▸ **Task to complete**:
An exact reproduction of all entries is required.

▸ **Data shown**:
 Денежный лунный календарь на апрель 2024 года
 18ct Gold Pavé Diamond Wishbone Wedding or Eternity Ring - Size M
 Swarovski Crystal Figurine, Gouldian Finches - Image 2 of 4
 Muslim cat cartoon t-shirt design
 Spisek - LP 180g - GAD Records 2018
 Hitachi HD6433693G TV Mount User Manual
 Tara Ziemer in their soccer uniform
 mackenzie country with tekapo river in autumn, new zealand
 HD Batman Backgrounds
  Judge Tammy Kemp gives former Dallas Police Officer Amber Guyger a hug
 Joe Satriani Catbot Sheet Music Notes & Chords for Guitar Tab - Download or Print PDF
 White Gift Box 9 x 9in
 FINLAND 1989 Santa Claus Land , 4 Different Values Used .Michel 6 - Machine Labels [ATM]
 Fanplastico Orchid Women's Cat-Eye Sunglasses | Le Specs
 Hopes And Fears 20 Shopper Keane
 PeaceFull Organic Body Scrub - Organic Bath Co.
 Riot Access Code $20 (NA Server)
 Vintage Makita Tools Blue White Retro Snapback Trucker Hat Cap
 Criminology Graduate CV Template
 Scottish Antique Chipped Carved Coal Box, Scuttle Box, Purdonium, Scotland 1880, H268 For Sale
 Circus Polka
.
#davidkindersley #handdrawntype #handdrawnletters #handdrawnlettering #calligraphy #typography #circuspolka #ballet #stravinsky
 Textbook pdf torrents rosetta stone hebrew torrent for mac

▸ **Response**:
 Денежный лунный календарь на апрель 2024 года
 18ct Gold Pavé Diamond Wishbone Wedding or Eternity Ring - Size M
 Swarovski Crystal Figurine, Gouldian Finches - Image 2 of 4
 Muslim cat cartoon t-shirt design
 Spisek - LP 180g - GAD Records 2018
 Hitachi HD6433693G TV Mount User Manual
 Tara Ziemer in their soccer uniform
 mackenzie country with tekapo river in autumn, new zealand
 HD Batman Backgrounds
  Judge Tammy Kemp gives former Dallas Police Officer Amber Guyger a hug
 Joe Satriani Catbot Sheet Music Notes & Chords for Guitar Tab - Download or Print PDF
 White Gift Box 9 x 9in
 FINLAND 1989 Santa Claus Land , 4 Different Values Used .Michel 6 - Machine Labels [ATM]
 Fanplastico Orchid Women's Cat-Eye Sunglasses | Le Specs
 Hopes And Fears 20 Shopper Keane
 PeaceFull Organic Body Scrub - Organic Bath Co.
 Riot Access Code $20 (NA Server)
 Vintage Makita Tools Blue White Retro Snapback Trucker Hat Cap
 Criminology Graduate CV Template
 Scottish Antique Chipped Carved Coal Box, Scuttle Box, Purdonium, Scotland 1880, H268 For Sale
 Circus Polka
.
#davidkindersley #handdrawntype #handdrawnletters #handdrawnlettering #calligraphy #typography #circuspolka #ballet #stravinsky
 Textbook pdf torrents rosetta stone hebrew torrent for mac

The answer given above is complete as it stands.